Brad Burge, a spokesman for the Multidisciplinary Association for Psychedelic Studies (MAPS), says that the organization believes that the mind-expanding benefits of psychedelics could “facilitate more holistic understandings of the world, and greater compassion for ourselves and for others.”

There’s another open question circling the use of psychedelics: their safety. Scientists still don’t have enough research to prove that these drugs are devoid of negative short- and long-term effects.

This concern has launched a separate line of research into psychedelics for healthy people — one specifically focused on examining safety. Though de Wit’s study used healthy volunteers, one main purpose of the research was to examine the potential risks involved in microdosing LSD as a treatment for depression. (No adverse risks were found). According to Brad Burge, the Beckley Foundation, a psychedelic research and policy organization, is also currently running a safety study to see if there are any potential negative side effects of microdosing LSD (though the researchers will also take measurements around creativity).

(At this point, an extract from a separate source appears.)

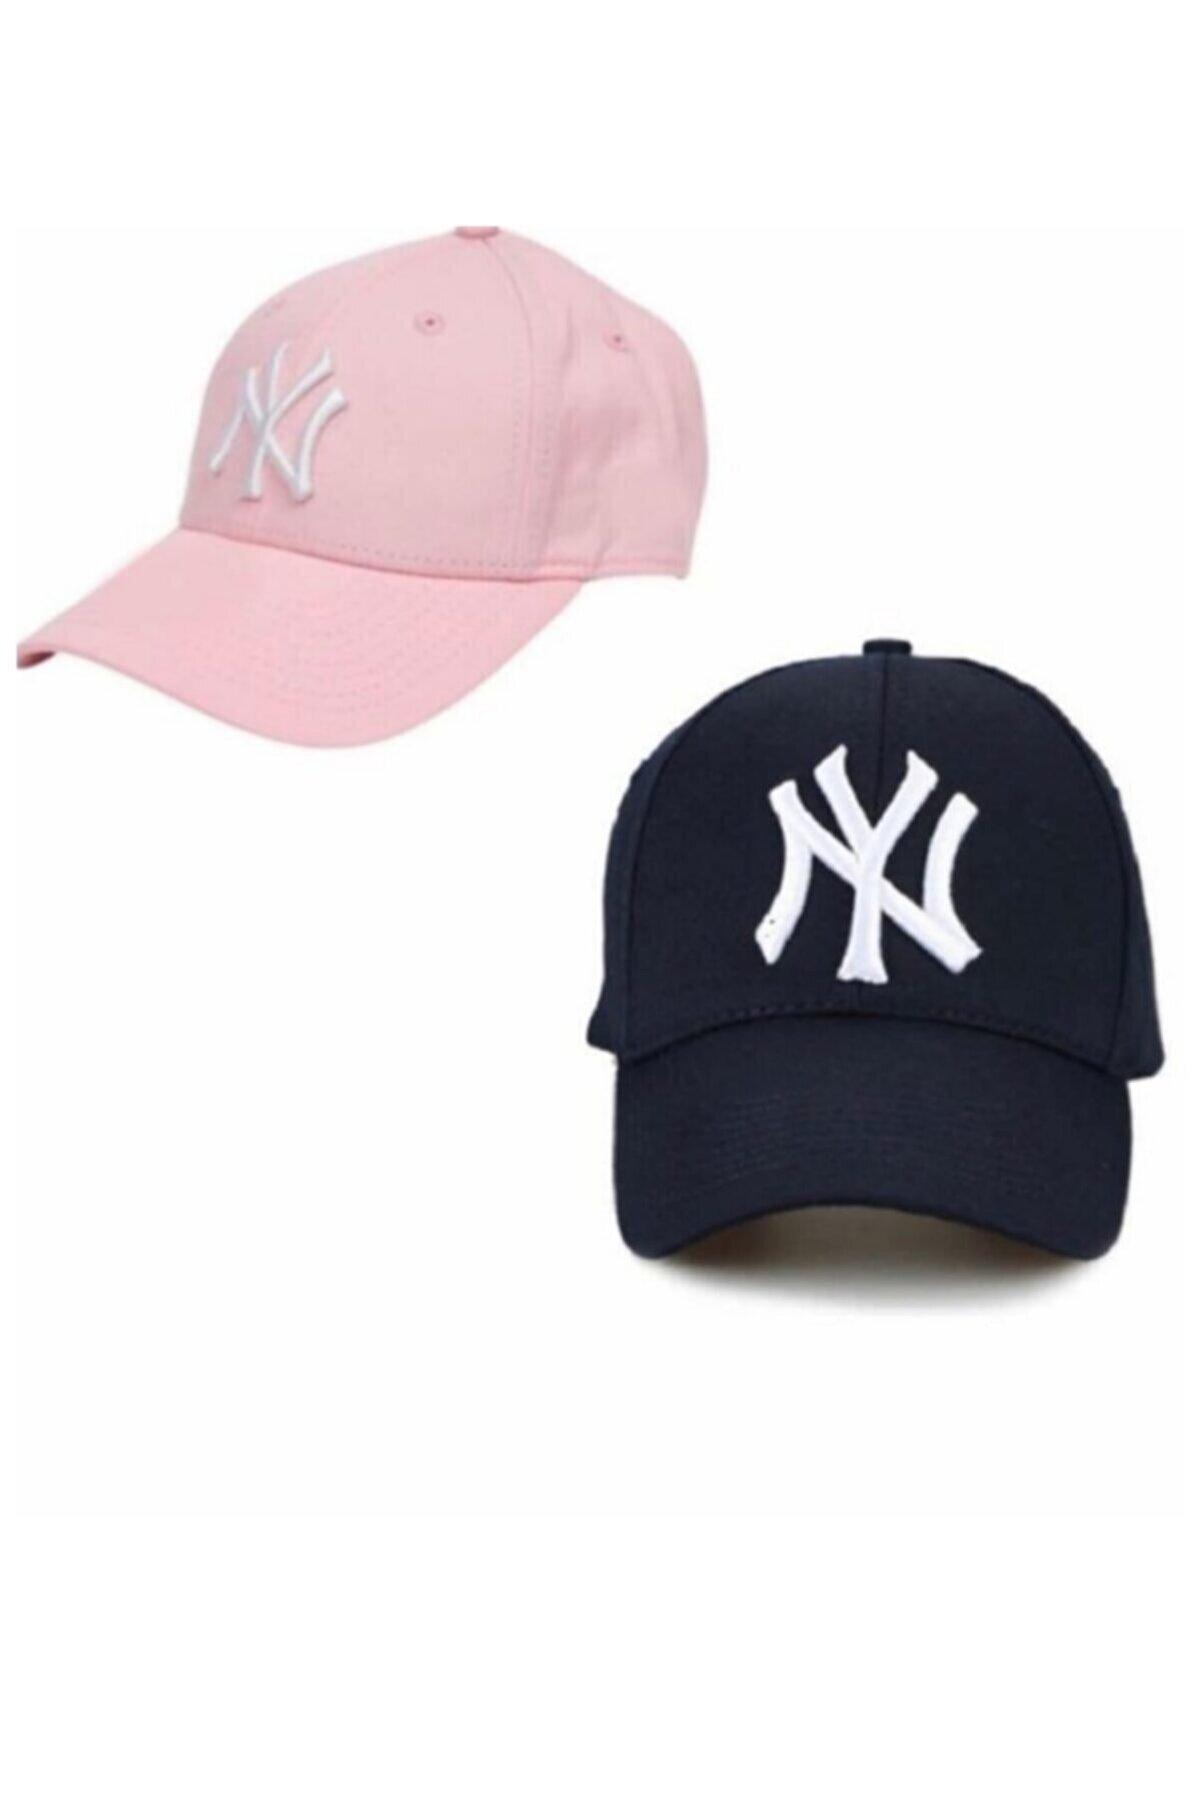 MaviMoure Unisex 2*li Paket Şapka

Knowing the risks associated with these drugs is a critical first step to considering a future where healthy people take psychedelics in the name of self-improvement. But it’s also foundational to psychedelics’ potential as a clinical intervention.

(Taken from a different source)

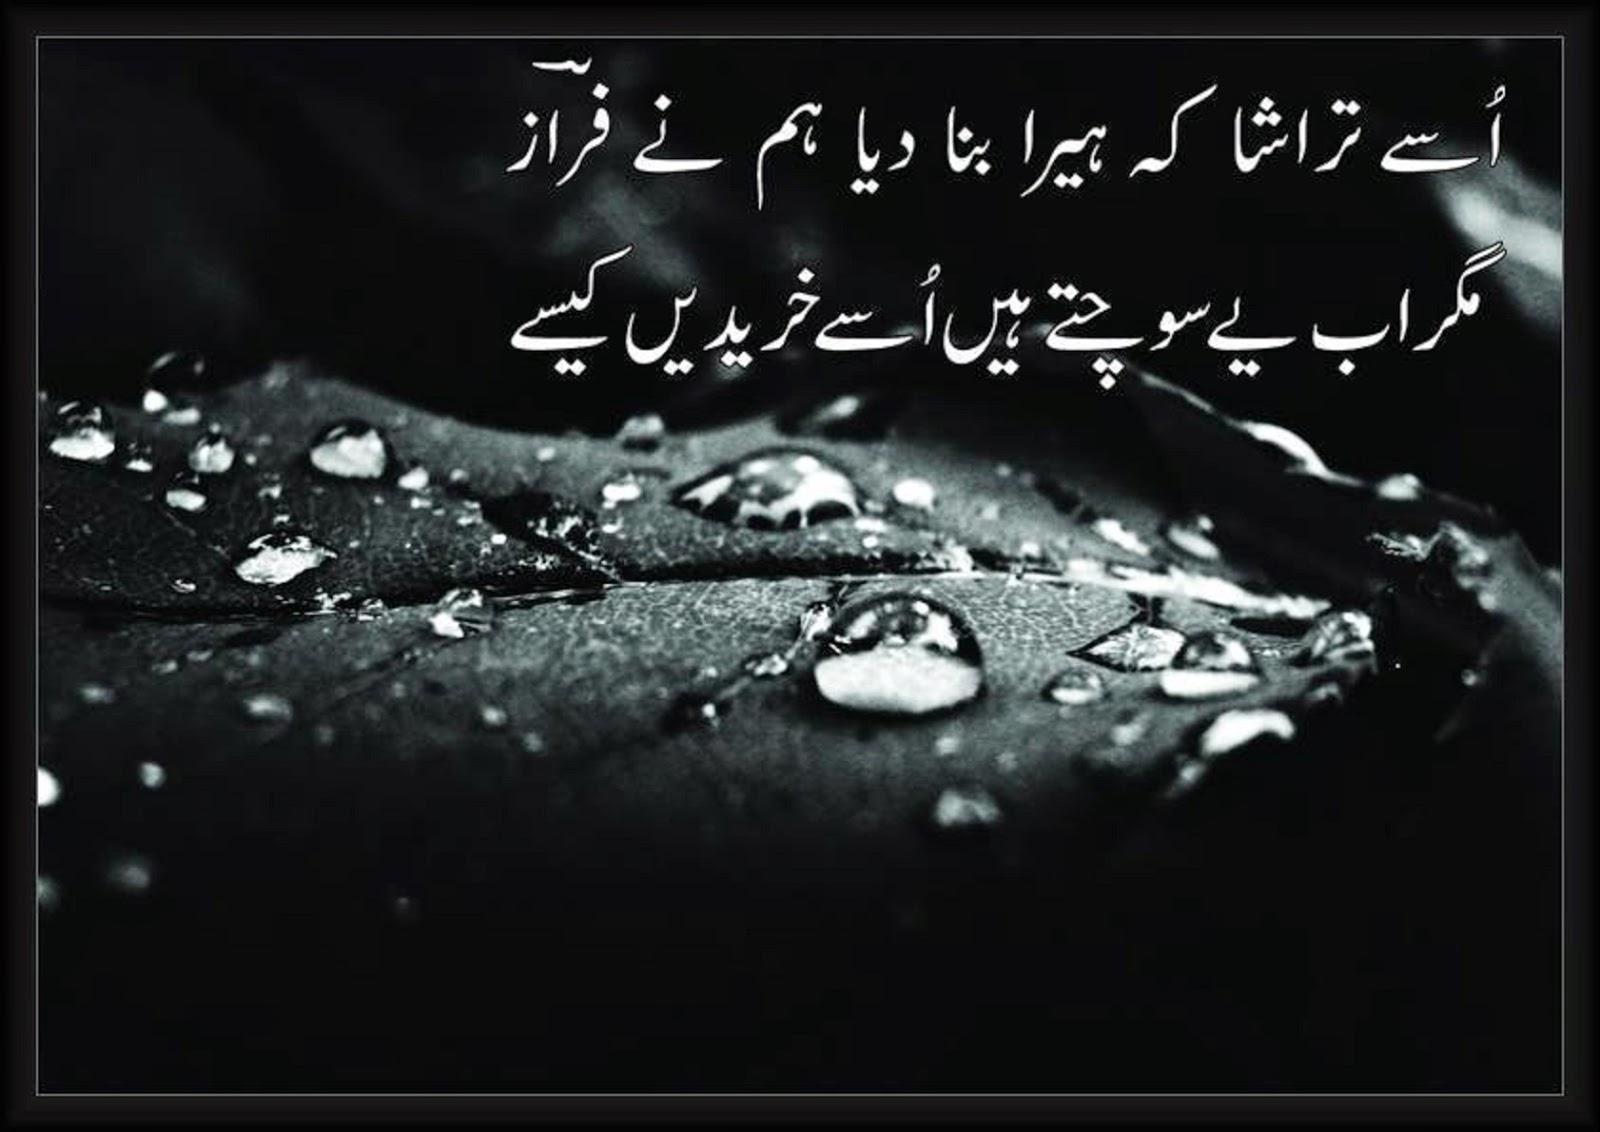 Download HD Wallpapers 3D Beautiful Sad Urdu Poetry HD 1600x1132

Researchers are taking a top-down approach to advocating for the use of psychedelics: first proving the drugs’ efficacy as a treatment for mental illness, then showing that their ability to push the human mind to new realms of understanding could be beneficial to all.

“Our long-term mission is to see these substances used in any setting by humans in which they can be used safely and effectively for any purpose,” says Burge. “But in order to do that, we need to work carefully and methodically to follow all the rules and regulations. That’s how we’re going to achieve the goal.”